Regret-Bounded Vehicle Routing
Professor Zachary Friggstad, Canada Research Chair Tier-II in Combinatorial Optimization, Department of Computing Science, University of Alberta.
Room: C674, University Hall
A typical vehicle routing problem involves deploying a fleet of vehicles to serve some clients. Many well-studied models are concerned mostly with the distance travelled by the vehicles. However, this objective does not differentiate between clients that are located at different distances from the depot. For example, a client closer to the depot may incur a larger delay than a client that is further away in a minimum-length TSP tour. This can be a source of client dissatisfaction.
This leads us to consider the notion of regret of a client: the time a client waits to be served in excess of its shortest-path distance from the depot. I will discuss old and new approximation algorithms for client-centric vehicle routing models and their applications to more classical models. In particular, I will present the first constant-factor approximation for the problem of deploying the fewest vehicles to ensure each client is served with regret at most some given bound B.

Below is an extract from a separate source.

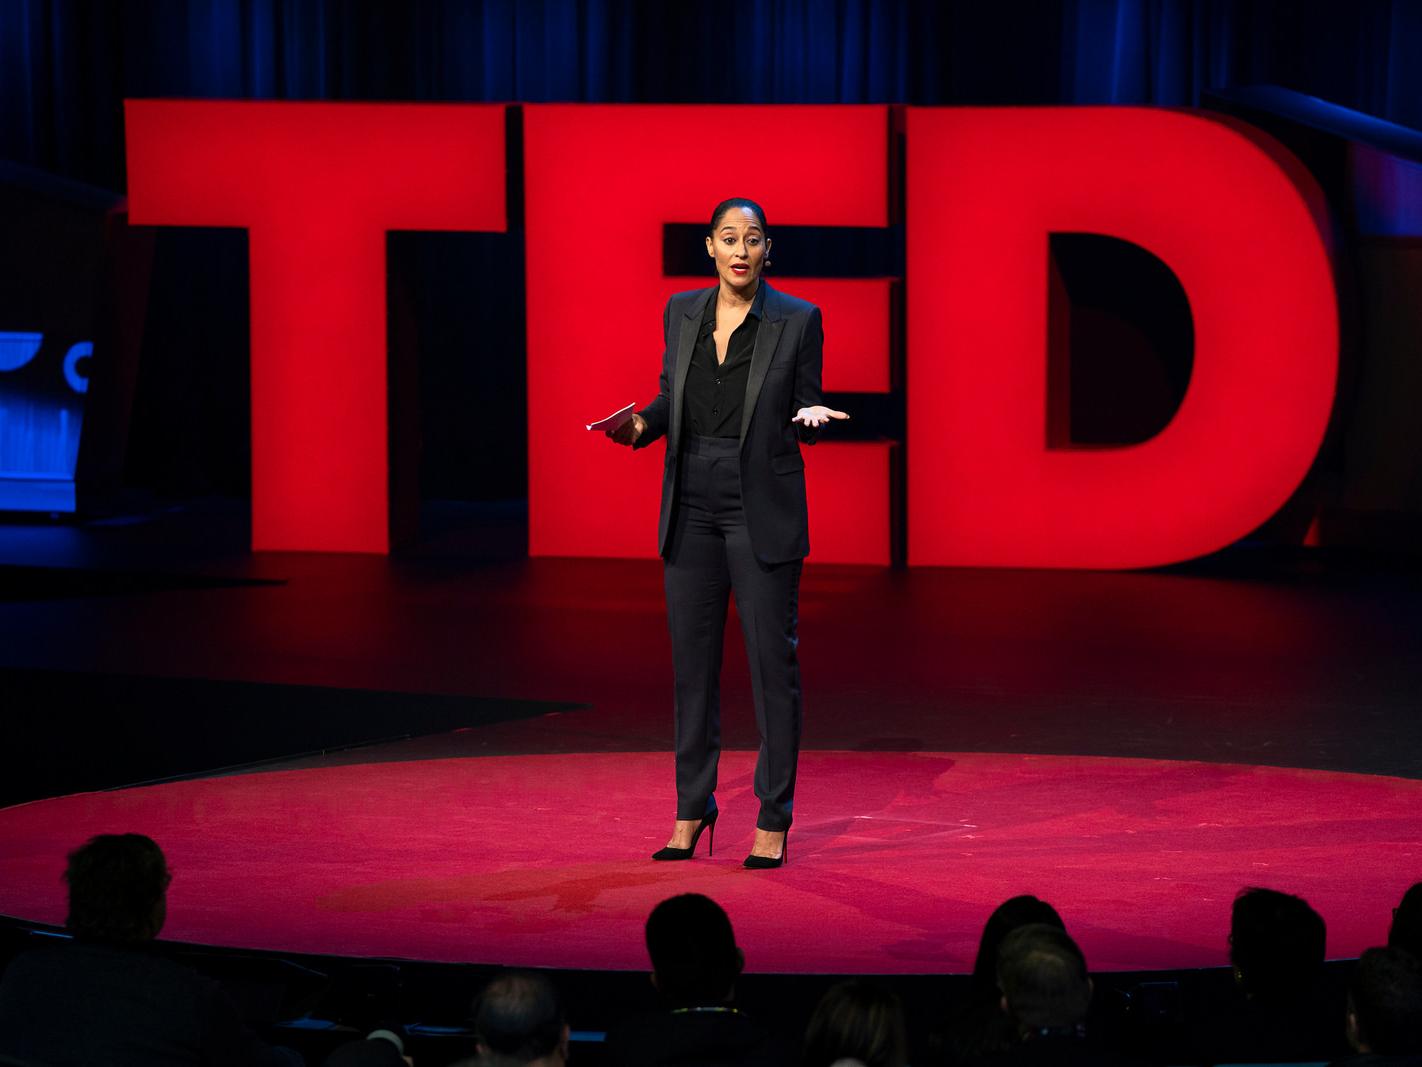 Sobre o TED - O TED é uma organização sem fins lucrativos com o espírito de promover ideias que merecem ser espalhadas. Começando com uma conferência de quatro dias na Califórnia há mais de 30 anos, o TED cresceu para apoiar ideias que mudam o mundo através de múltiplas iniciativas. No TED, pensadores e realizadores de todo o mundo são convidados a darem a melhor palestra de suas vidas em 18 minutos. Essas apresentações são disponibilizadas gratuitamente em TED.com, impactando bilhões de pessoas.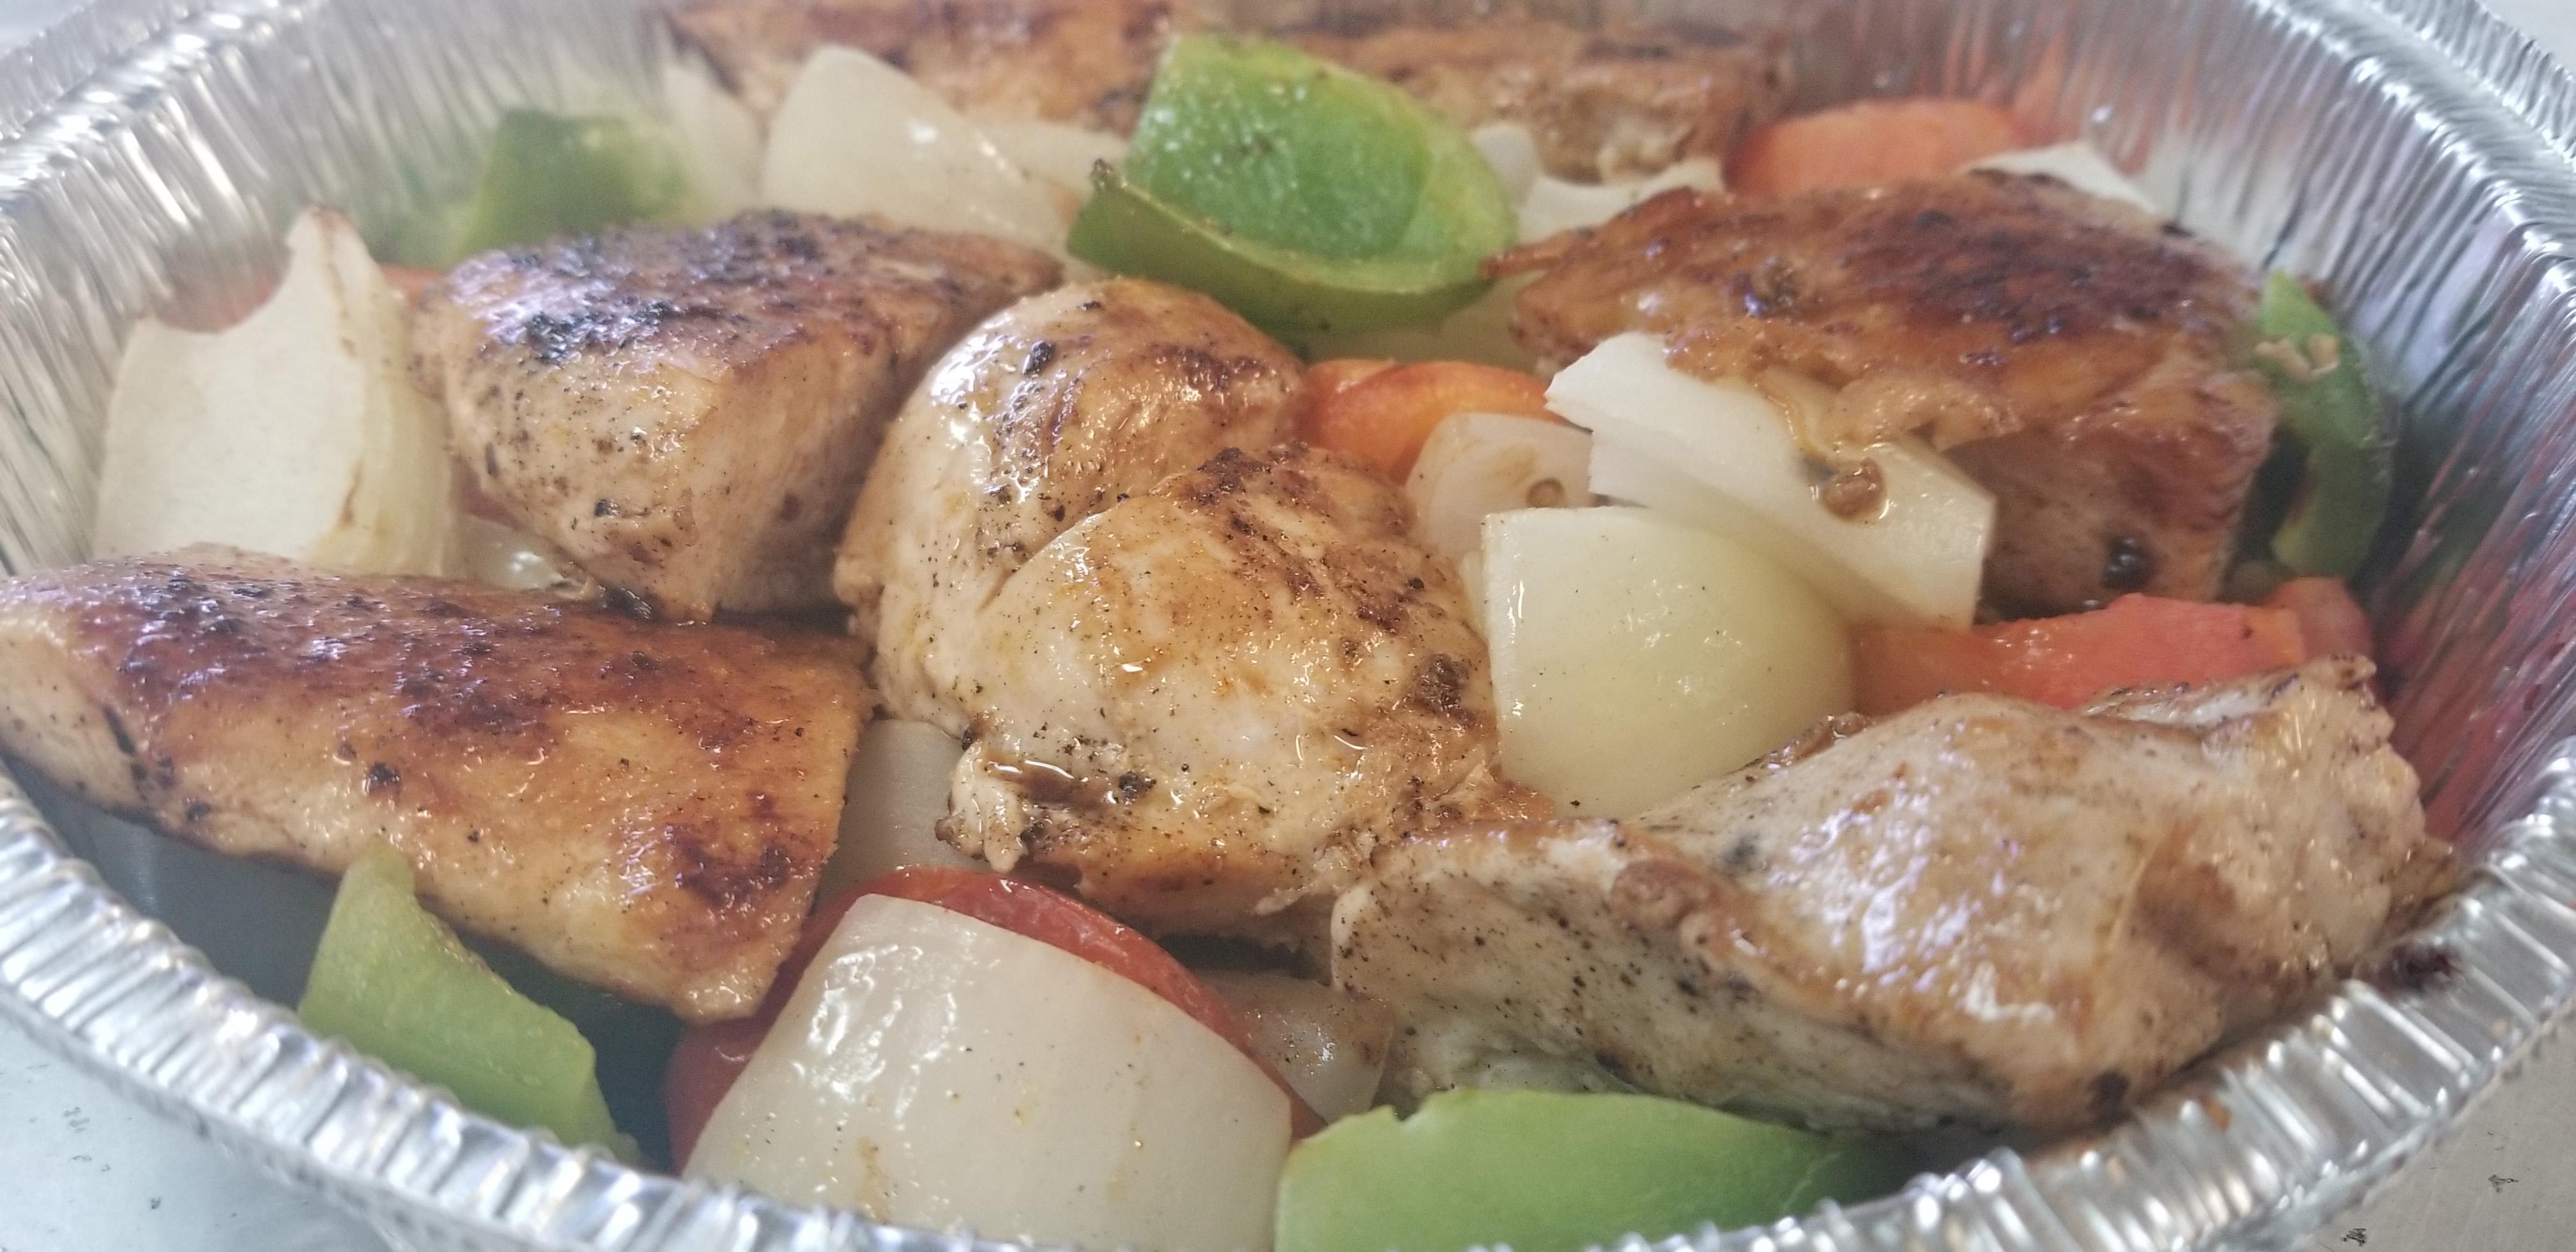 Chicken Kabob, Dessert and Drink

Students are encouraged to attend.
Professor Friggstad’s main research interests lie in designing approximation algorithms and, more specifically, in investigating the effectiveness of mathematical programming based techniques in the design of such algorithms. His research has been applied to problems in vehicle routing, facility location, resource allocation, network design, and lift-and-project techniques. Professor Friggstad is a University of Lethbridge alumnis (2005) and, as a student, he has competed twice in the ACM Programming Contest World Finals obtaining one Bronze Medal in 2006.